◆ Description of the task ◆
Begin at the line that holds "Крем 400 мл" and copy each line exactly until the data below ends, including that last line but no pictures.

◆ Dataset content ◆
= Beginning of Section =
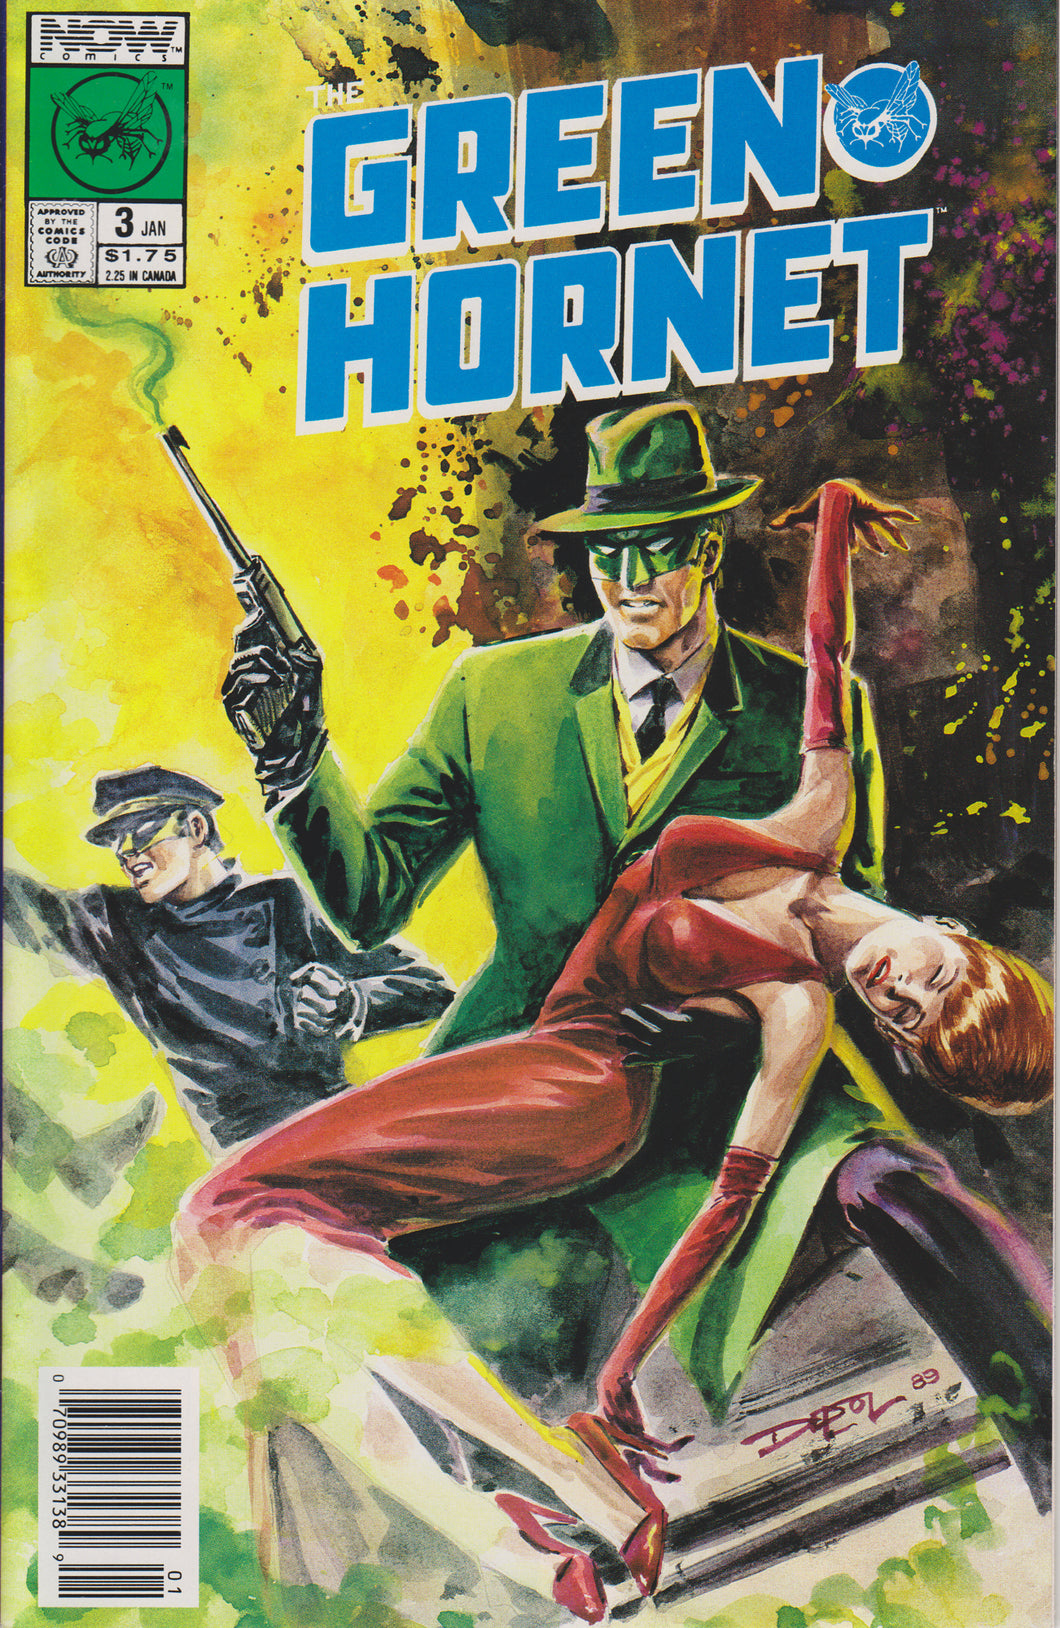 GREEN HORNET #3 COMIC BOOK ~ Now Comics
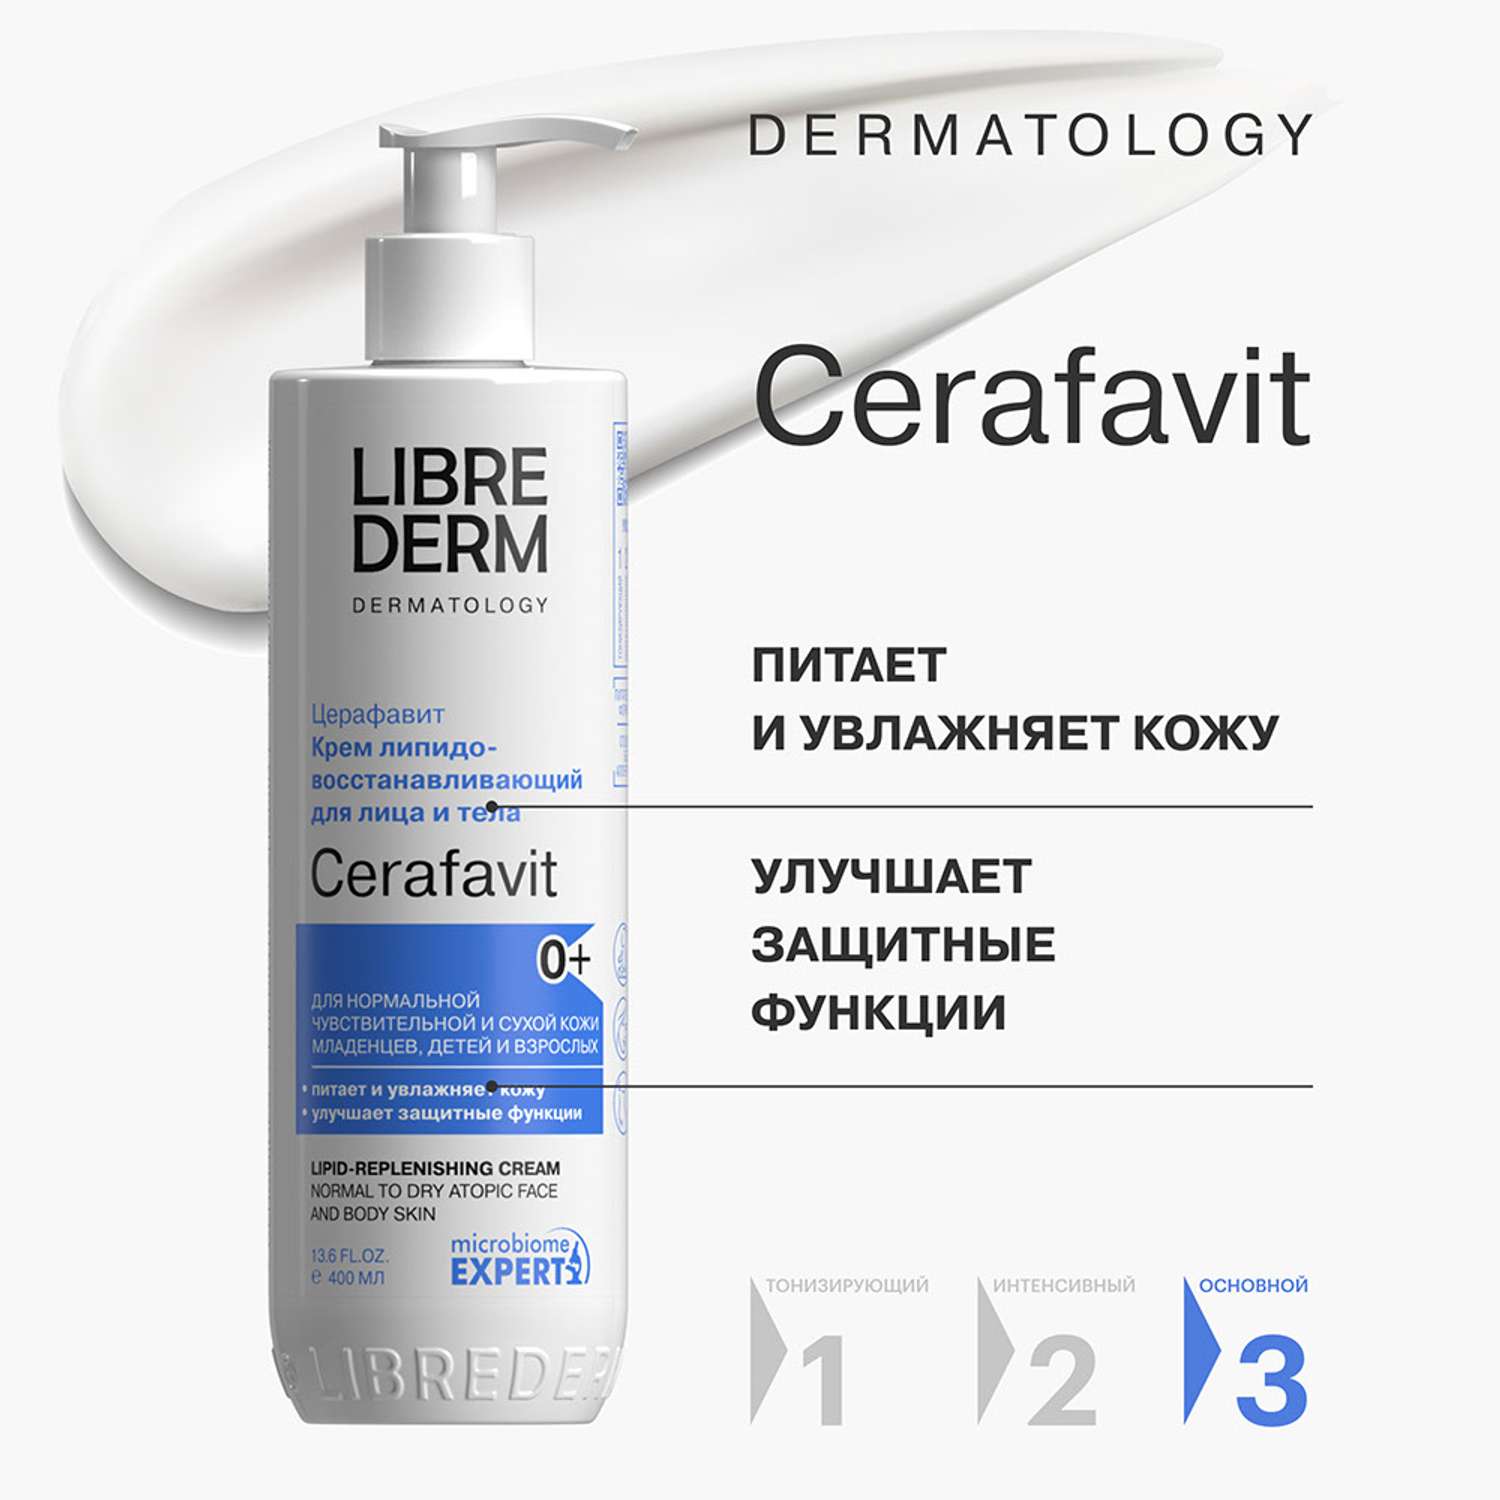 Крем 400 мл Librederm CERAFAVIT крем липидовосстанавливающий с церамидами и пребиотиком для лица и тела 0+ - фото 3
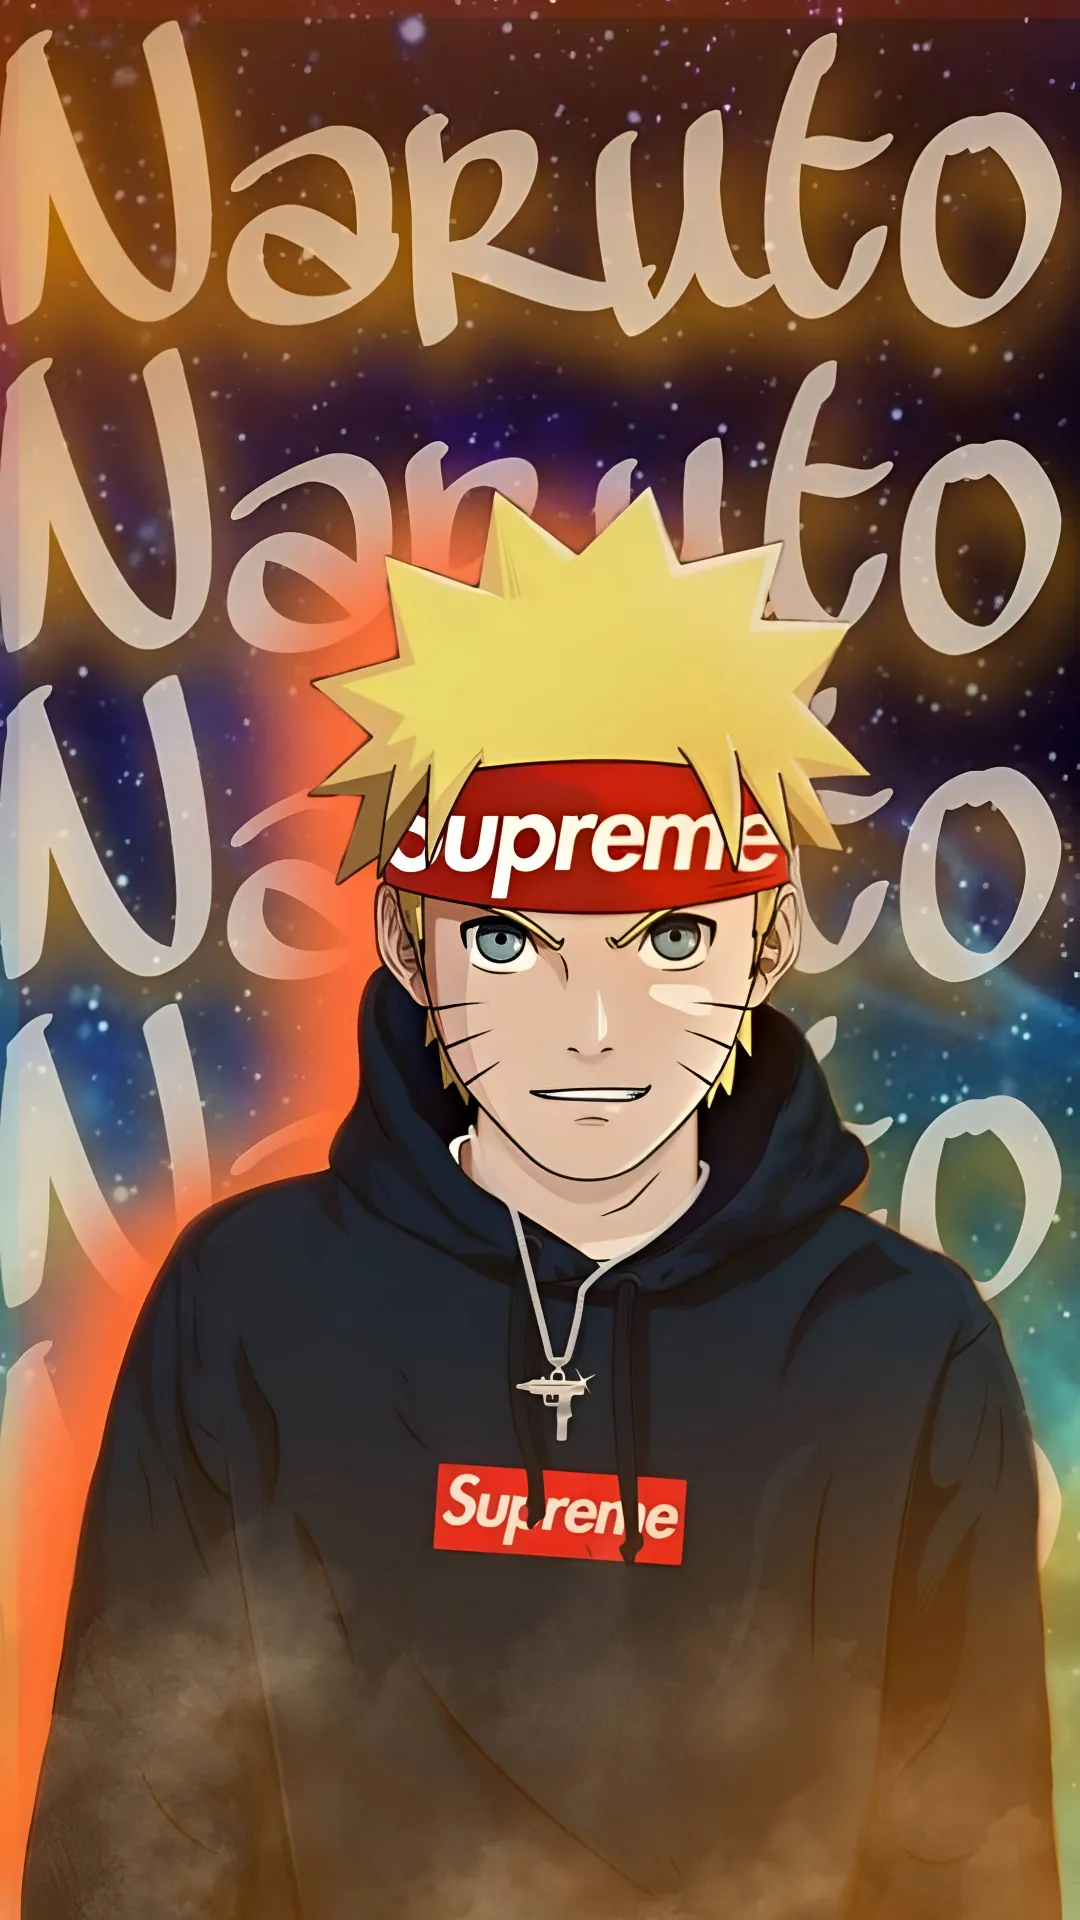 thumb for Naruto Supreme Wallpaper
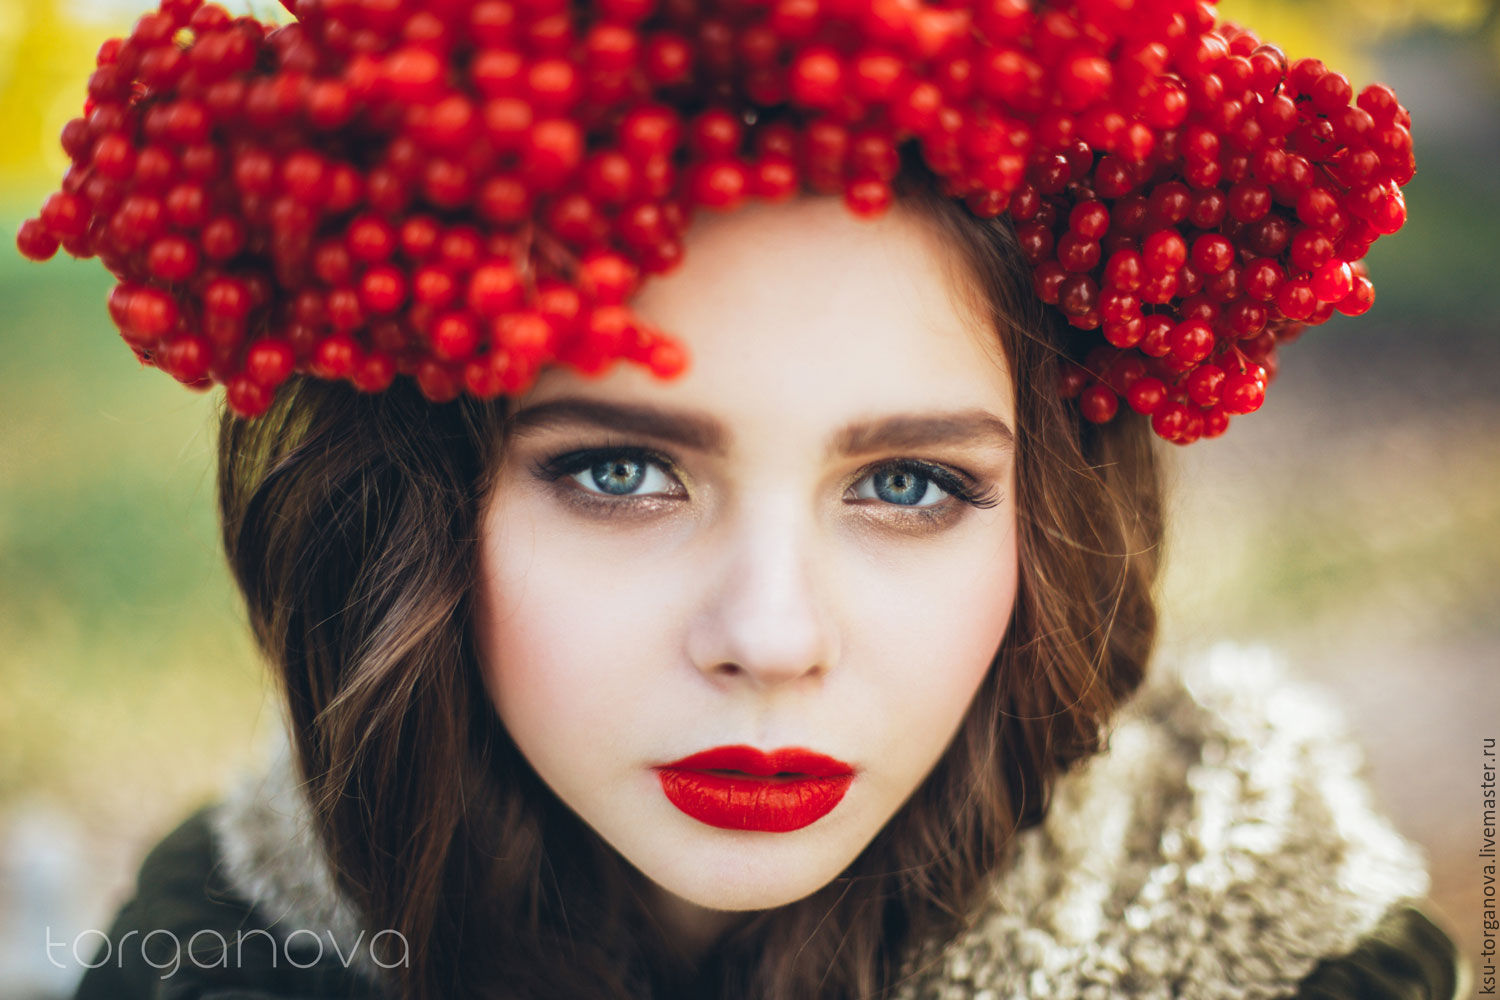 Картинки девушка с ягодами
= End of Section =
◆ Answer box ◆
 Крем 400 мл Librederm CERAFAVIT крем липидовосстанавливающий с церамидами и пребиотиком для лица и тела 0+ - фото 3
 thumb for Naruto Supreme Wallpaper
 Картинки девушка с ягодами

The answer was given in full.